Was ist besser um Coversongs bekannter Titel einzuspielen? Gute Karaokevorlagen oder besser Studio- und Liveversion der Originalbands dafür zu nehmen?

  • Ich spiele in einer Coverband Schlagzeug. Wir sind alle bereits 60+ sind erfahren und spielen Rock, Pop, Blues aus den 60ern bis 80er Jahren.

    Vor kurzem hatten wir einen Sängerwechsel in der Band. Der alte Sänger ist aus gesundheitlichen Gründen ausgeschieden und ein neuer Sänger kam hinzu. Dieser hat 30 Jahre Erfahrung mit einer Coverband. Laut seiner Aussage haben Sie in dieser Band für alle Ihrer eingespielten Songs ausschließlich Karaokevorlagen benutzt und sind damit bestens gefahren und wir sollten das bitte gefälligst auch so tun. Ich bin da aber anderer Meinung und orientiere mich als Drummer lieber an den Originalen Studioversionen oder guten Live-Vorlagen. Schon allein um mich auf den richtigen Groove zu triggern und den an die Band weiterzugeben, sofern es mir gelingt.

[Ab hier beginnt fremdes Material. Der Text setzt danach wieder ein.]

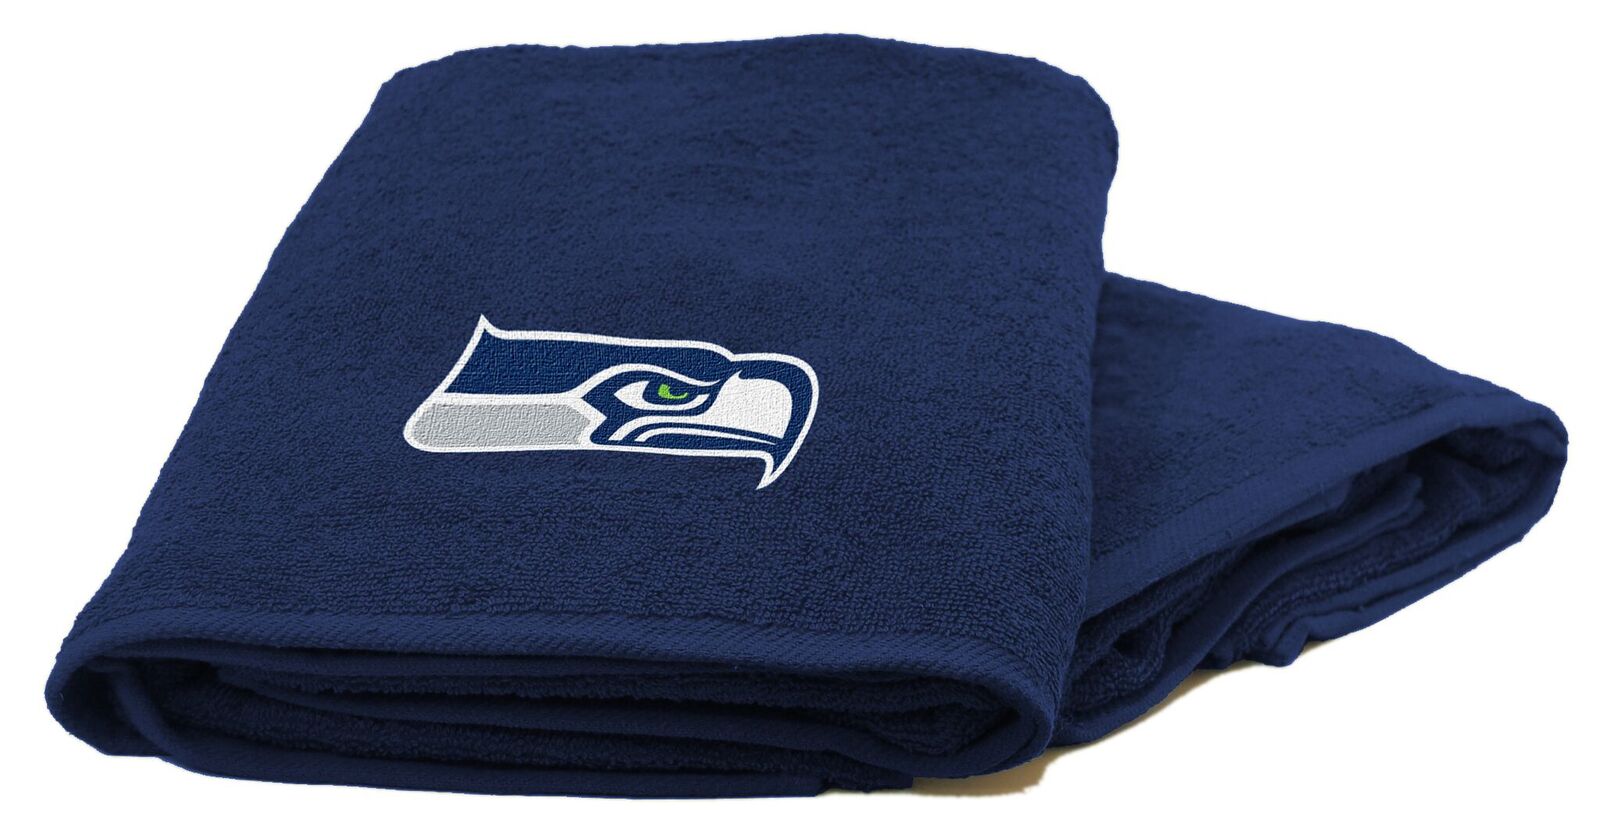 Seattle Seahawks 2-Piece Towel Set, With 26x15 Hand and 25x50 Bath Towel - image 1 of 1

    Karaokevorlagen sind mir eigentlich immer viel zu lasch. Was meint Ihr dazu? Wie haltet Ihr das? Ich hatte deswegen einen Disput mit dem neuen Sänger, er bestand auf seine Karaokevorlagen.

  • Ich hab mich in der Coverband auch immer so nah wie möglich ans Original gehalten, und wenn ich es nicht rausgehört hab oder es mir zu schwierig war, hab ich es für mich abgeändert. Der Sänger wäre wohl der allerletzte, von dem ich mir dreinreden ließe, wie ich ein Cover spiele 🤨

    Lieber brennende Herzen, als erloschene Träume! <3 xxxx Love life, and live! - It's worth it.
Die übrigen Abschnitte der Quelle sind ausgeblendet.